At this point I'm starting to agree with khayes. As much as I hate to cut Ripley short, I'd be more than happy to start a new thread IF WE CAN KEEP THE BULLSHIT OUT. That almost never happens around here, but surely we can do better than this. Really.


----------



## Wagimawr (Jul 3, 2008)

Seriously.

I'll do it, I'll ask the same questions, and I'm a FA.

It'll be pretty sad if the new one goes off without a hitch; that'll tell me that there's a bigger divide between the FAs and those we're supposed to be admiring than I thought.


----------



## Fascinita (Jul 3, 2008)

Wagimawr said:


> I could be talking about how fucking hot tight clothes are on a big girl



Don't hold back, tiger.

HOW HOT ARE THEY?!


----------



## Green Eyed Fairy (Jul 3, 2008)

Is it time for us to start posting our tits yet or what?


----------



## BigBeautifulMe (Jul 3, 2008)

I think enough boobs have already posted, GEF.


----------



## CleverBomb (Jul 3, 2008)

Booby Pics.







Because YOU! ASKED! FOR! IT!

-Rusty


----------



## Wagimawr (Jul 3, 2008)

Fascinita said:


> Don't hold back, tiger.
> 
> HOW HOT ARE THEY?!


depends. did you buy them tight or have you grown into them? there's a difference


----------



## Wagimawr (Jul 3, 2008)

CleverBomb said:


> Booby Pics.
> 
> 
> 
> ...


*faps furiously*
also:


----------



## Fascinita (Jul 3, 2008)

Wagimawr said:


> depends. did you buy them tight or have you grown into them? there's a difference



Of course I didn't buy them tight. But what can I do? Fat happens. :happy:


----------



## Sandie S-R (Jul 3, 2008)

LoveBHMS said:


> Good points Phil.
> 
> Let me ask you something. When the 450+ forum was being created, many FAs said they'd like to be able to read it. Not for fappage or ridicule or invasion of privacy, but to better understand the daily challenges faced by SSBBW. Many of the women said they did not wish to be studied or used for demonstrations. They wanted to discuss their personal issues with others who faced the same challenges and problems *without an audience.*
> 
> ...





Here's the way that I see it. Conrad has been involved in fat acceptance for 30+ years. He's funded Dims from day one, all on his own. This is his place. He decides what goes here. He felt we SS ladies needed a place to talk privately, because having had a SS wife for many years (and many SS friends) he gets that we need the ability to talk privately. 

You seem to think that this forum (and Conrad) owes you something.

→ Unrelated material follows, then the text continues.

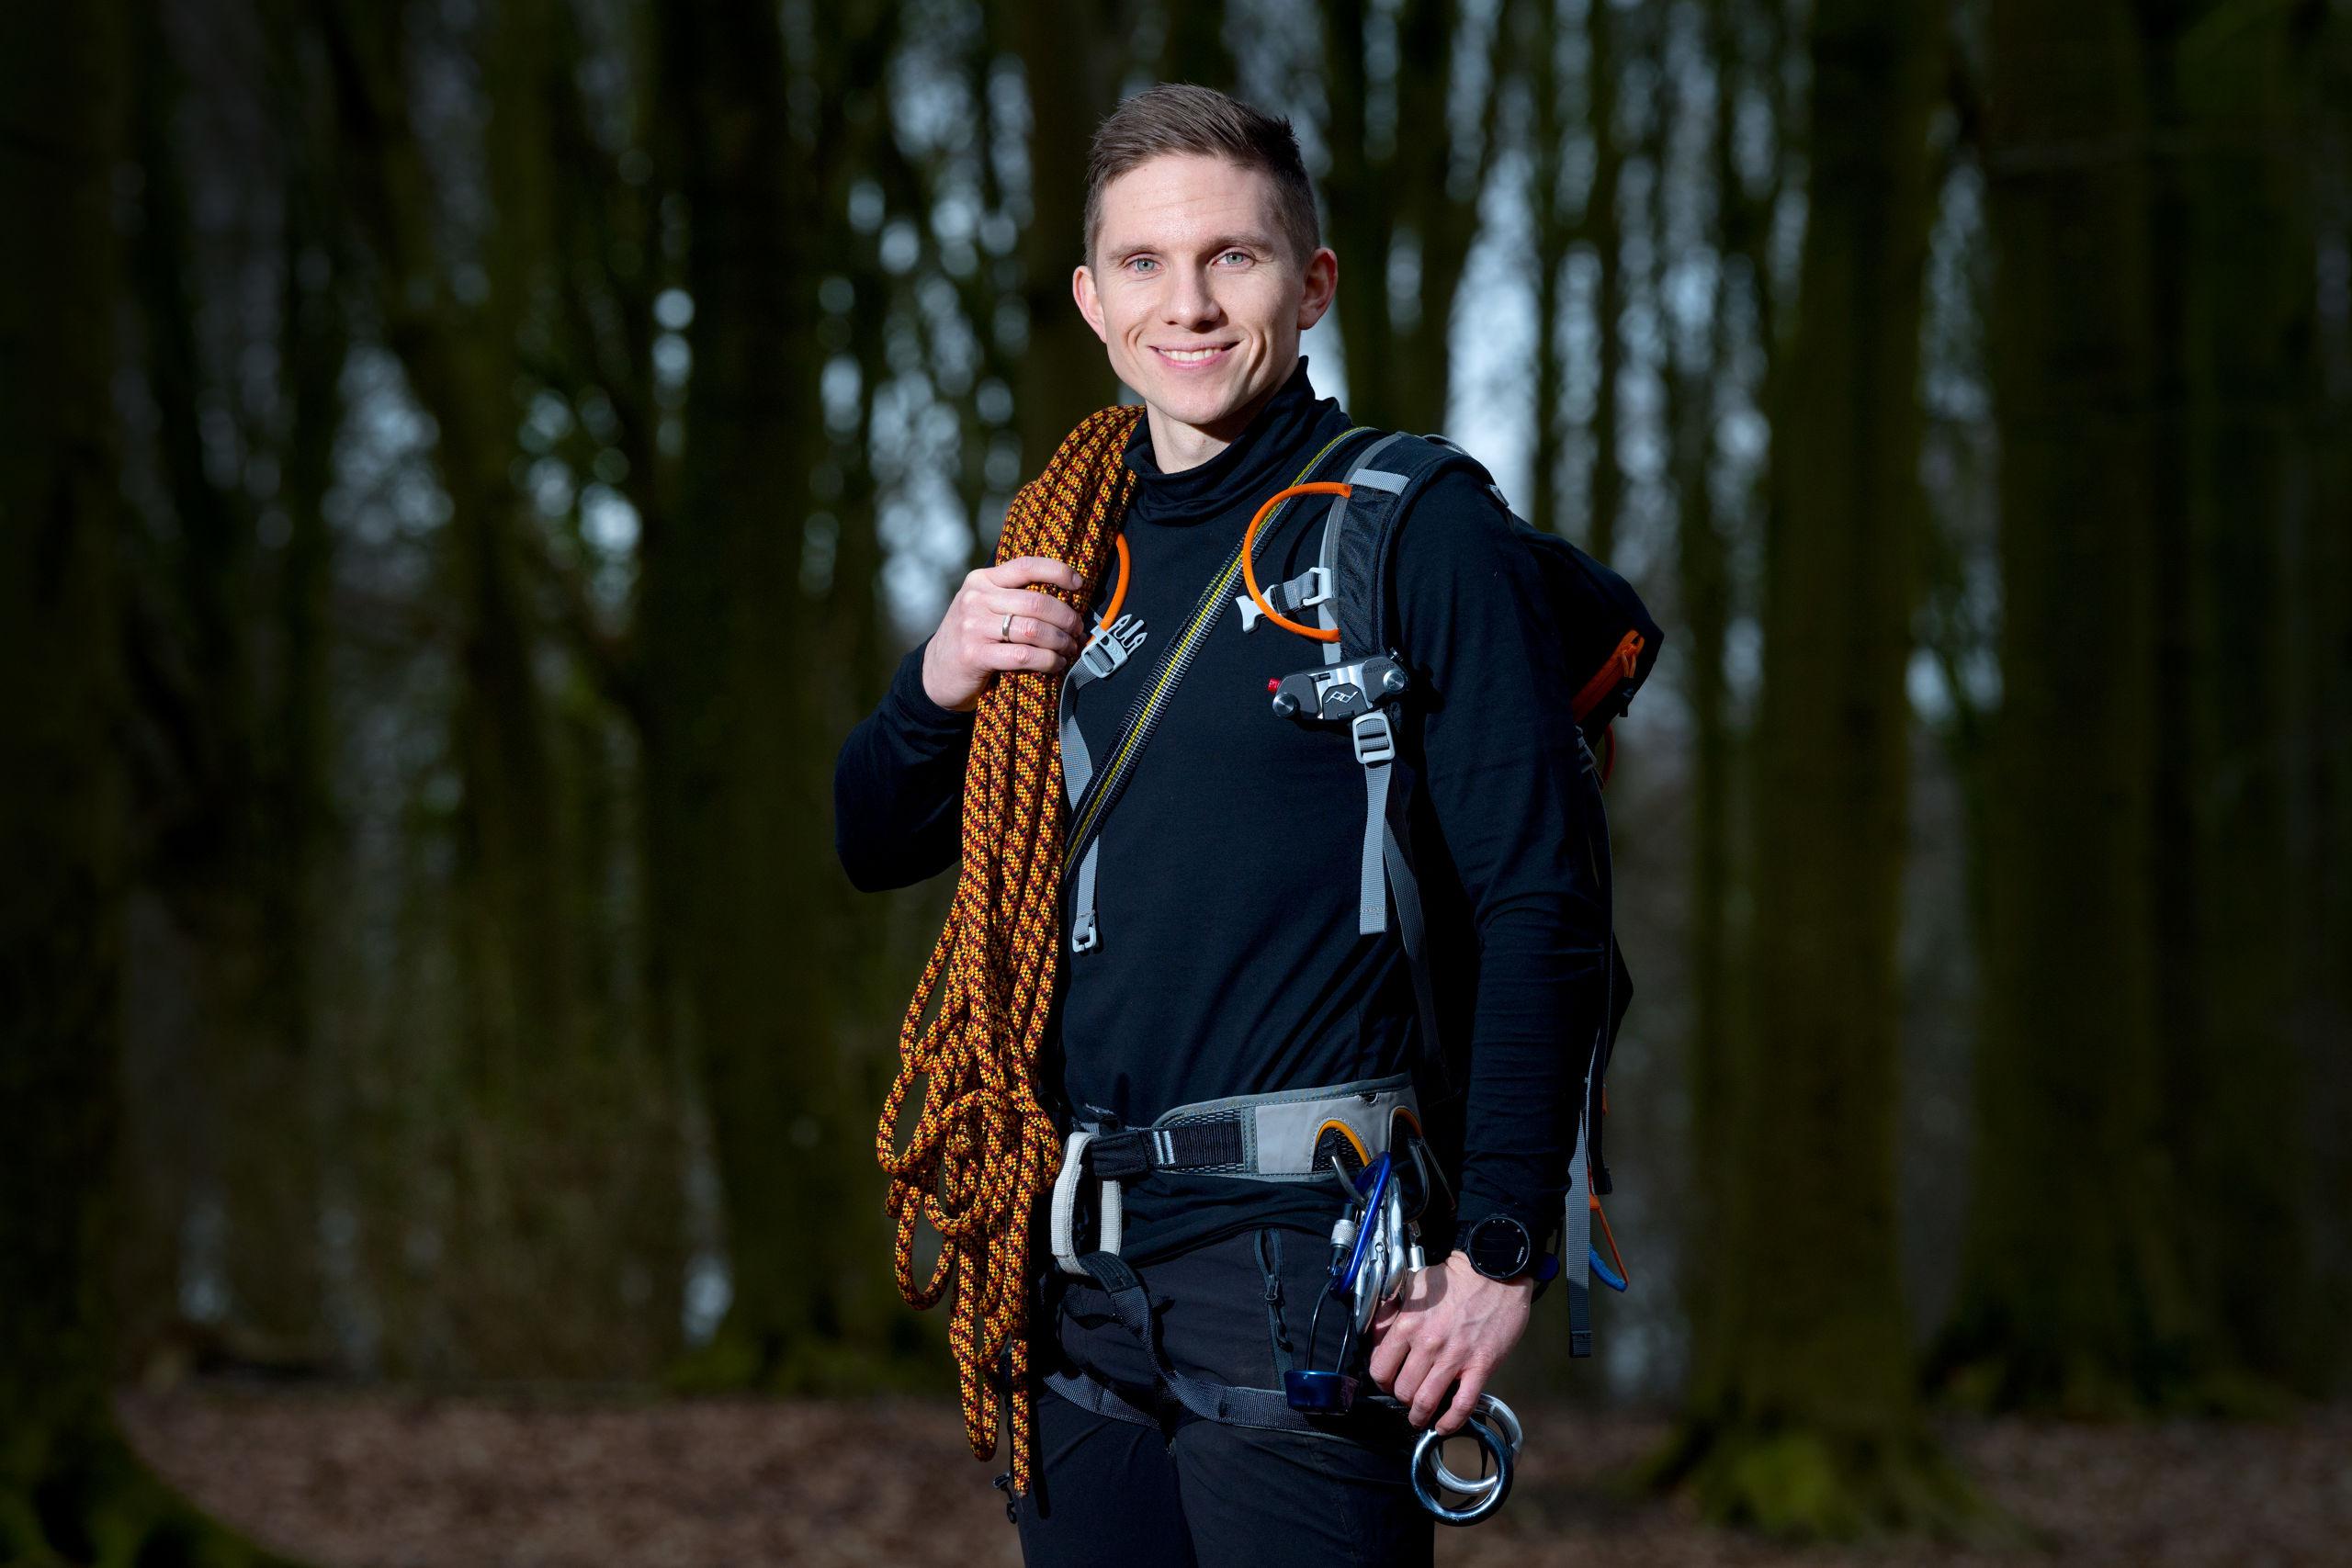 Mark Holler står bag Adventureugen,dk sammen med Thomas G. Hartvigsen. Foto: Torben Hansen

Your own little place to do what you feel you need to do. But it doesn't. And if you are not finding what you need here, then please feel free to leave and start your own place (with your own money) where you can talk privately about whatever the crap you want.


----------



## Wagimawr (Jul 3, 2008)

Fascinita said:


> Fat happens. :happy:


rep reppity rep


----------



## Sandie S-R (Jul 3, 2008)

LoveBHMS said:


> I've already said I am in favor of the 450 thread, i've said so repeatedly.



I'm thrilled we have your support. 



LoveBHMS said:


> But using your hypthetical situation, it might be helpful for an FA to read it. There are all sorts of possible situations where it might be helpful for an FA to be able to read about SSBBW issues. Maybe a man is dating one for the first time, maybe his wife or girlfriend is gaining, or maybe somebody is caring for a friend or relative who is super sized. Possibly even a health care professional could benefit from reading firsthand accounts of SS issues. Somebody who does not qualify for that thread might have all sorts of positive reasons for wanting to read it, but nevertheless it is private because the particpants believe it's better that way.



However, most of the stuff that we discuss in the SS forum, are about things the men are not going to want or need to read. How many guys are gonna want to read about clotty periods, and infections, etc.?

And, as far as whether the FA men or health professionals (or whoever) want to listen in on the SS forum for information purposes or not, quite frankly is moot. Because the bottom line is, the SS ladies wouldn't feel comfortable enough to talk about the private things they are able to talk about now in the closed forum if FAs were allowed to read the forum. So it would actually defeat the purpose, and the men would learn nothing because there would be no discussions.



LoveBHMS said:


> The Weight Board can not be private, we already know that. But can you understand how it's difficult for some of us to wish to engage in discussions of our sexuality while being told that we have to be on display because it's helpful for somebody else to watch?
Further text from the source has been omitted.